Thérapie : pourquoi payer pour aller mieux ?

Par Stanislas Deve

Consulter un psychothérapeute ou un psychanalyste a un coût non négligeable... qui fait partie du processus de soin. En quoi l’argent est-il un aspect central et nécessaire dans la relation thérapeutique ? Deux psys nous expliquent toute la symbolique du sou.

Miljan Živković / istock
Entre 50 et 70 euros. C’est la fourchette du prix moyen d’une consultation d’environ quarante minutes chez un psychologue. L’ardoise peut dépasser les 100 euros chez certains psychothérapeutes ou psychanalystes, notamment dans les grandes villes. Une somme importante que près d’un Français sur trois aurait déjà déboursée au moins une fois, selon un récent sondage YouGov pour Psychologies Magazine. Et, si l’on en croit les experts du sujet, c’est pour le bien-fondé de la thérapie : payer fait partie du processus de soin. Le neurologue et père de la psychanalyse Sigmund Freud parlait de « l’influence correctrice du paiement », tandis que le psychiatre et psychanalyste Jacques Lacan obligeait les patients qui ne venaient pas à leur consultation à la régler quand même.
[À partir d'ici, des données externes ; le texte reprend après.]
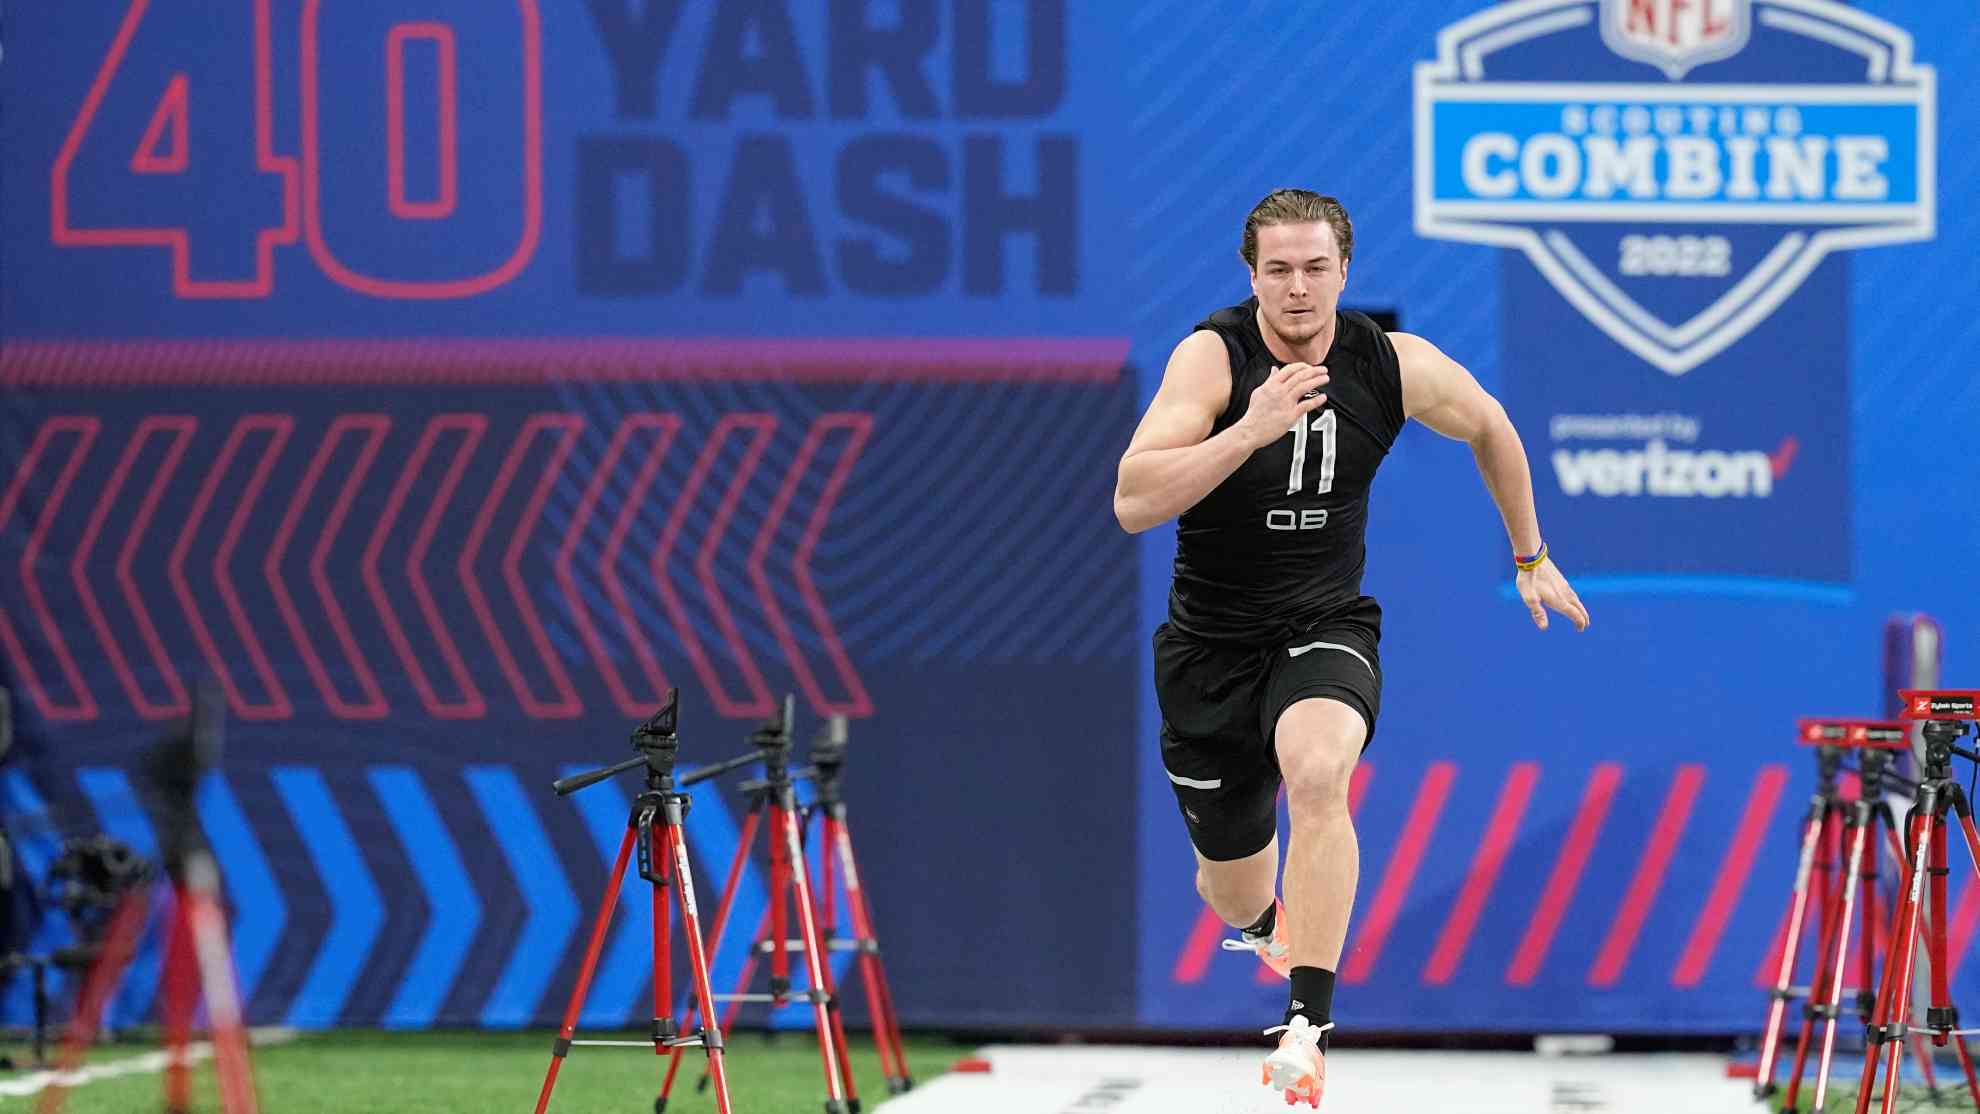 Where to watch NFL Combine? TV Channel, Schedule and more

Mais alors pourquoi l’acte de payer est-il un aspect central et indispensable de la thérapie ? La psychothérapeute Catherine Aimelet-Perissol et la psychanalyste active Sophie Muller nous donnent quelques réponses pro bono.

- Mieux Vivre Santé : Pourquoi est-il essentiel de payer son psy ?

Catherine Aimelet-Perissol : C’est un principe à la fois biologique et contractuel. Biologique, car tout le système vivant est fondé sur le modèle « je reçois, je donne » : je mange et j’évacue, j’inspire et j’expire, je dors et je suis en éveil, etc. Le travail thérapeutique en est la prolongation, et si je reçois du soin sans donner en retour (du temps, de l’énergie... et de l’argent), alors il y a un déséquilibre qui, inconsciemment, infantilise le patient. En effet, la seule période durant laquelle l’être humain reçoit sans donner, c’est la petite enfance. Sans cette contrepartie, le patient est presque considéré comme un petit garçon ou une petite fille qui ne saurait se débrouiller seul. En payant, le patient devient une personne en capacité de s’émanciper, de se donner les moyens d’aller mieux.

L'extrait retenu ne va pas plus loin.